- _BRIEF_: Extract each line of the material that follows exactly and omit its pictures.

- _INPUT DATA_:
========

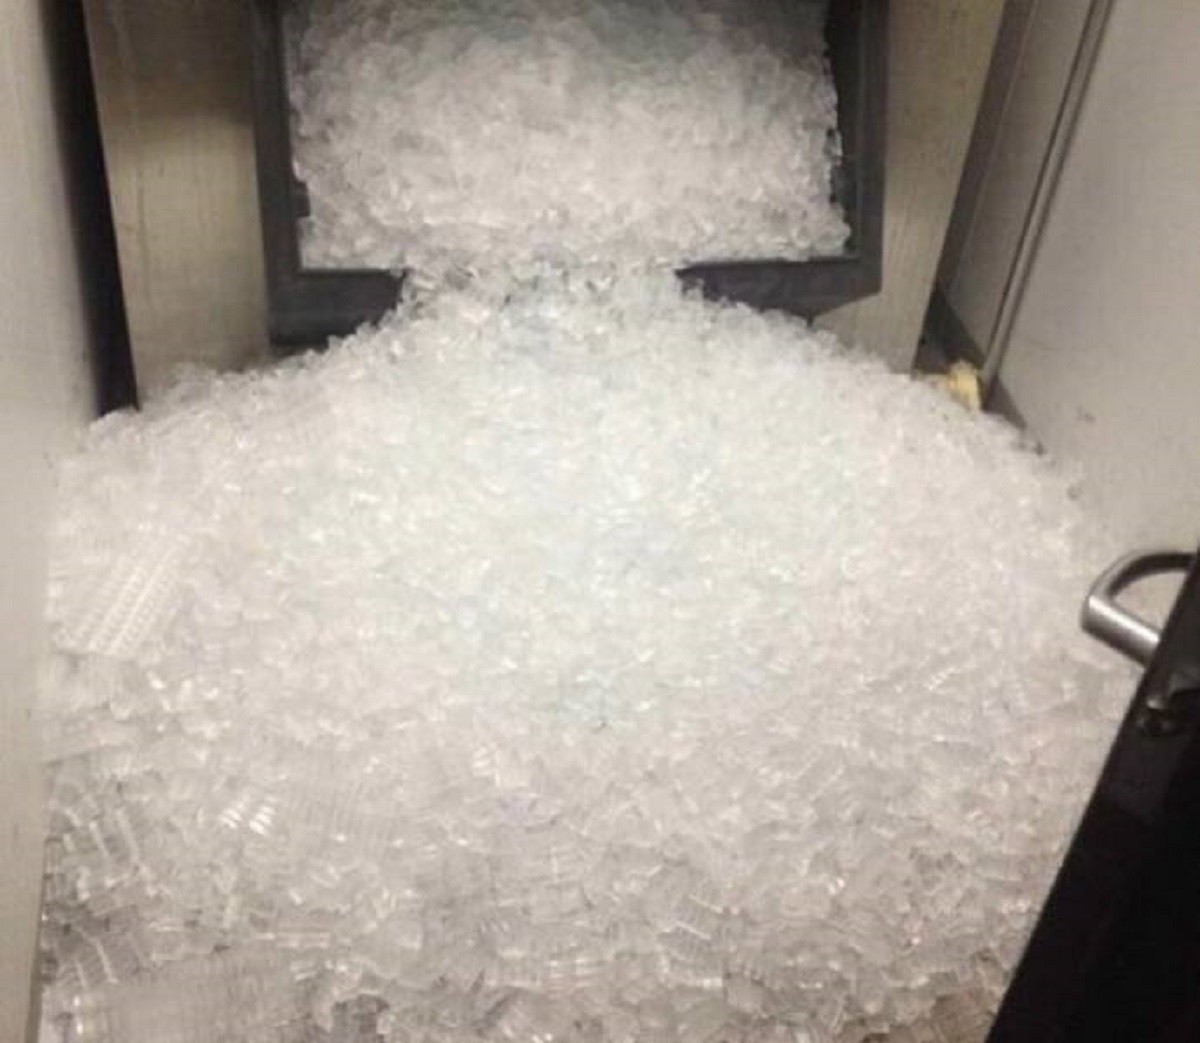 "Coming Into Work To Discover That Someone Left The Ice Machine's Door Open Overnight"
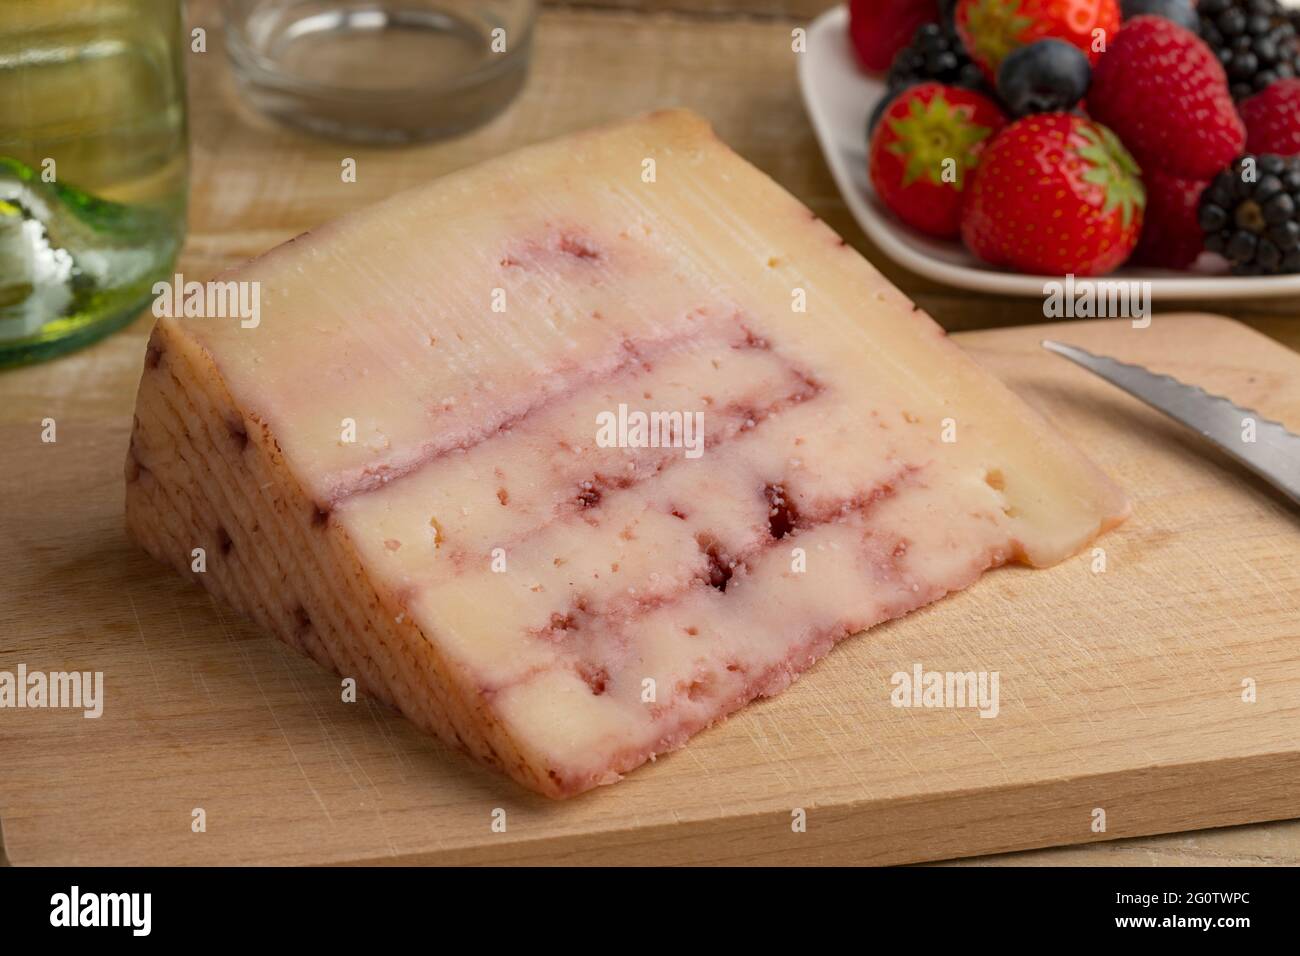 Piece of  Spanish goat cheese with red fruit syrup injected inside,  on a cutting board and fresh fruit in the background Stock Photo
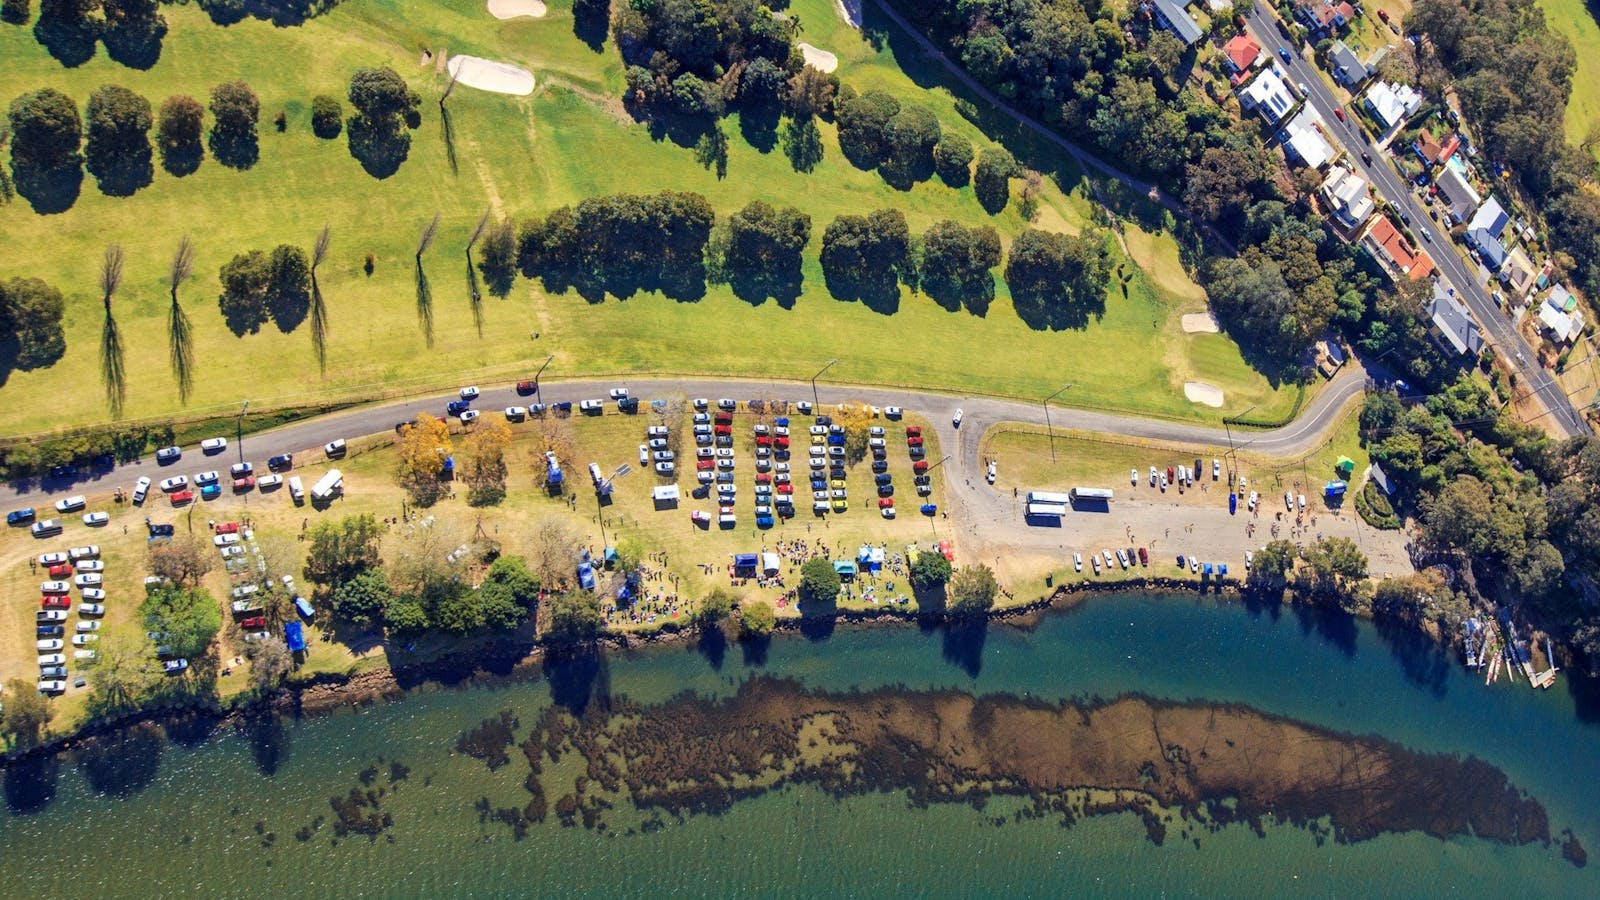 The Shoalhaven River Boat Ramp neighbors the golf course on the northern banks.
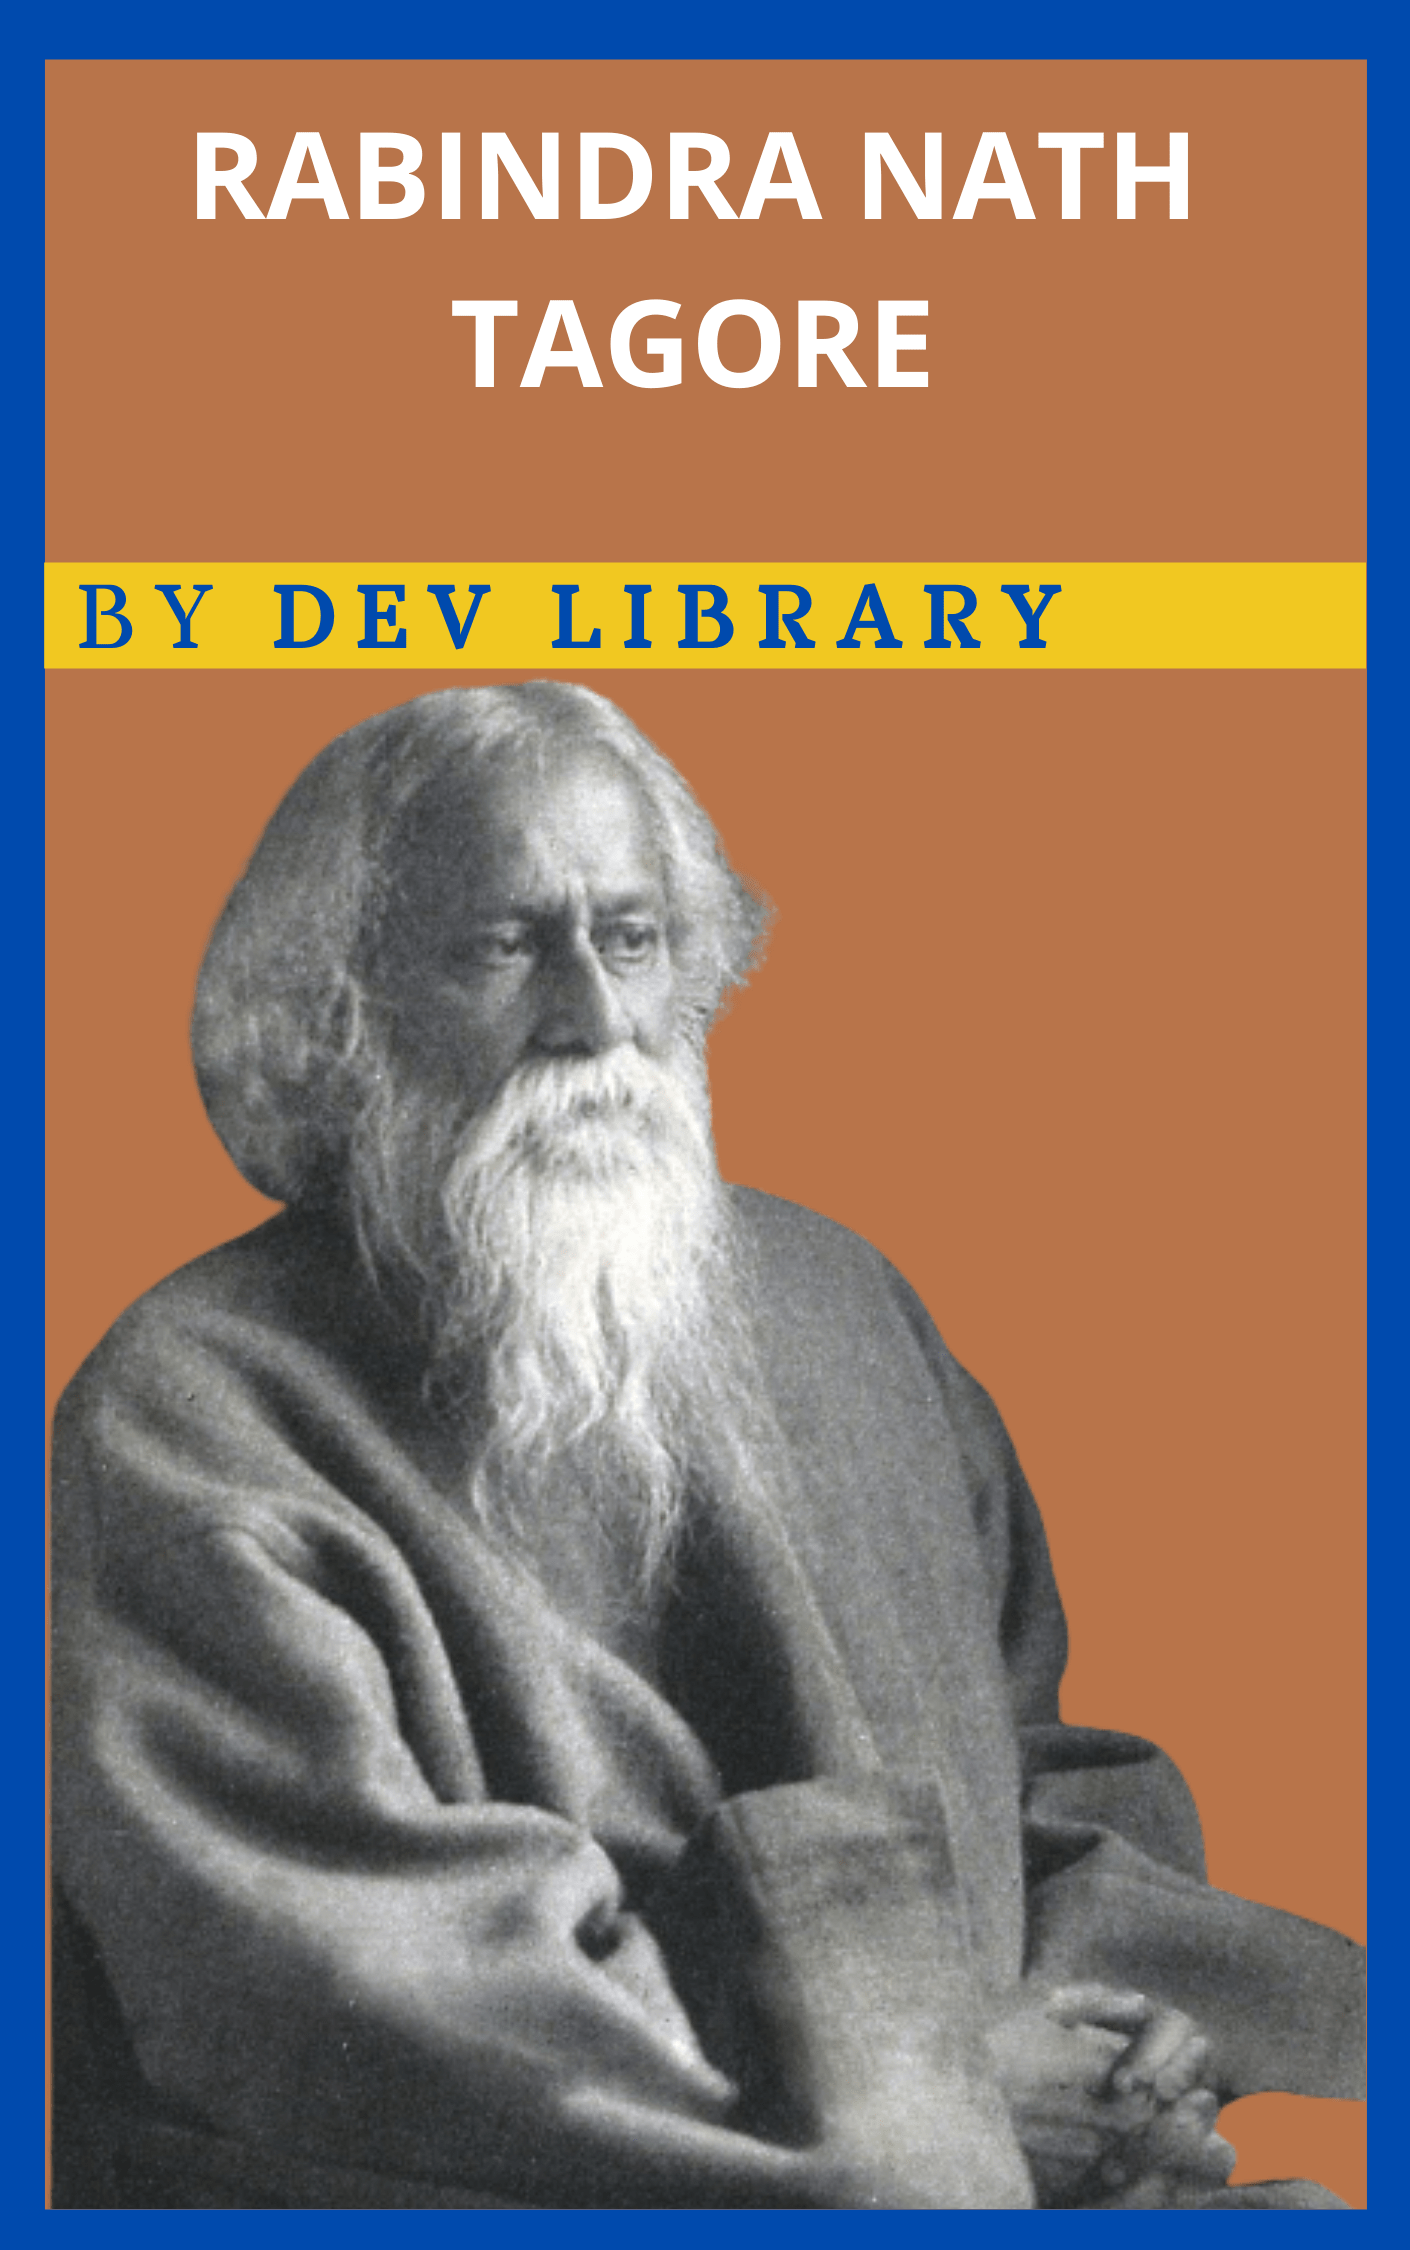 biography of rabindranath tagore for class 8

========

- _SOLUTION TO THIS PROBLEM_:
 "Coming Into Work To Discover That Someone Left The Ice Machine's Door Open Overnight"
 Piece of  Spanish goat cheese with red fruit syrup injected inside,  on a cutting board and fresh fruit in the background Stock Photo
 The Shoalhaven River Boat Ramp neighbors the golf course on the northern banks.
 biography of rabindranath tagore for class 8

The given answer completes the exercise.